An international team of researchers studying the link between vision loss and Alzheimer’s disease report that the loss of a particular layer of retinal cells not previously investigated may reveal the disease’s presence and provide a new way to track disease progression.
The researchers, from Georgetown University Medical Center (GUMC) and the University of Hong Kong, examined retinas from the eyes of mice genetically engineered to develop Alzheimer’s disease (AD). They presented their findings today at Neuroscience 2013, the annual meeting of the Society for Neuroscience.
“The retina is an extension of the brain so it makes sense to see if the same pathologic processes found in an Alzheimer’s brain are also found in the eye,” explains R. Scott Turner, MD, PhD, director of the Memory Disorders Program at GUMC and the only U.S. author on the study. “We know there’s an association between glaucoma and Alzheimer’s in that both are characterized by loss of neurons, but the mechanisms are not clear.”
Turner says many researchers increasingly view glaucoma as a neurodegenerative disorder similar to AD.
Most of the research to date examining the relationship between glaucoma and Alzheimer’s focused on the retinal ganglion cell layer, which transmits visual information via the optic nerve into the brain. Before that transmission happens, though, the retinal ganglion cells receive information from another layer in the retina called the inner nuclear layer.
In their study, the researchers looked at the thickness of the retina, including the inner nuclear layer (not previously study in this setting) and the retinal ganglion cell layer. They found a significant loss of thickness in both. The inner nuclear layer had a 37 percent loss of neurons and the retinal ganglion cell layer a 49 percent loss, compared with healthy, age-matched control mice.
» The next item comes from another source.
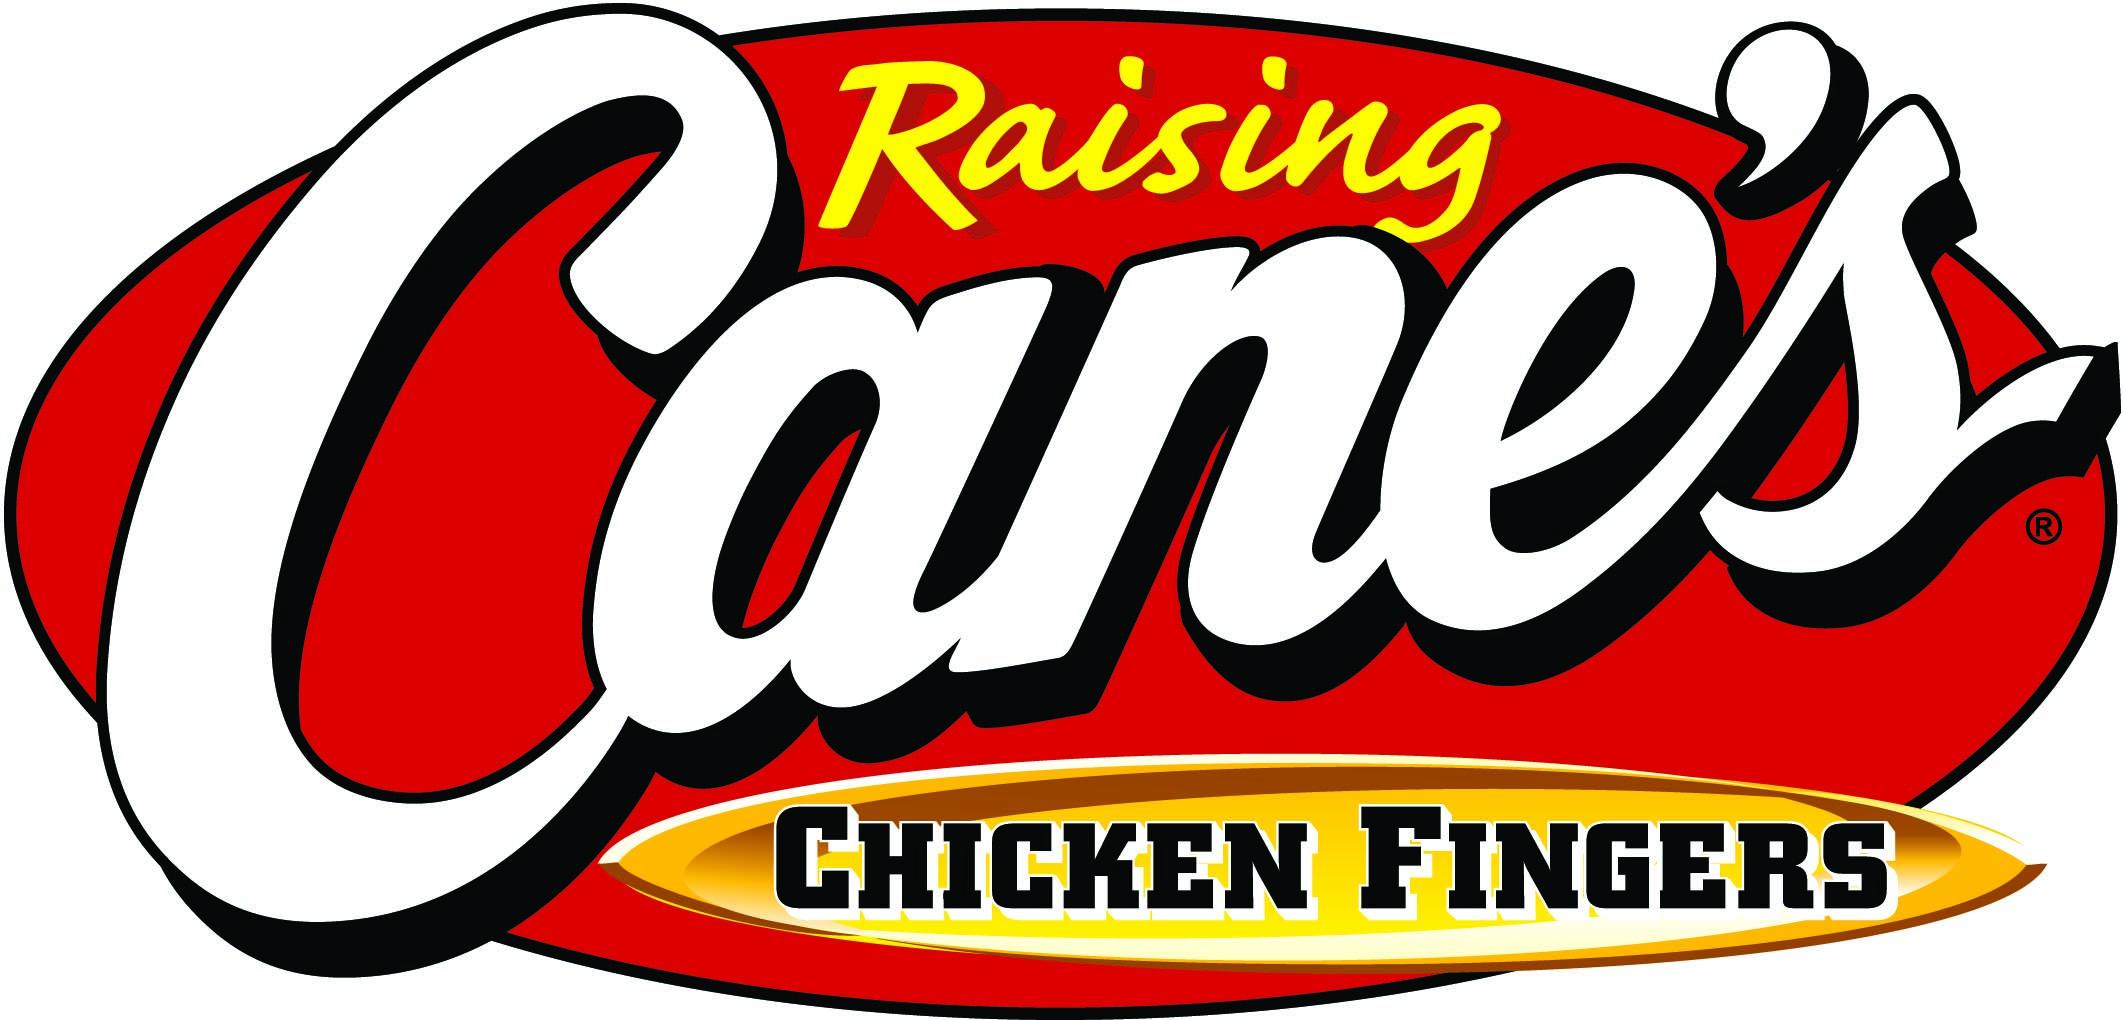 Raising Cane's sponsor logo

In humans, the structure and thickness of the retina can be readily measured using optical coherence tomography. Turner says this new tool is increasing finding applications in research and clinical care.
“This study suggests another path forward in understanding the disease process and could lead to new ways to diagnose or predict Alzheimer’s that could be as simple as looking into the eyes,” Turner says. “Parallel disease mechanisms suggest that new treatments developed for Alzheimer’s may also be useful for glaucoma.”
Caffeinated Coffee Linked to Loss of Vision
Consumption of caffeinated coffee is associated with an increased risk of developing exfoliation glaucoma, the leading cause of secondary glaucoma worldwide, according to a new study led by Dr Louis Pasquale of Brigham and Women’s Hospital in Boston.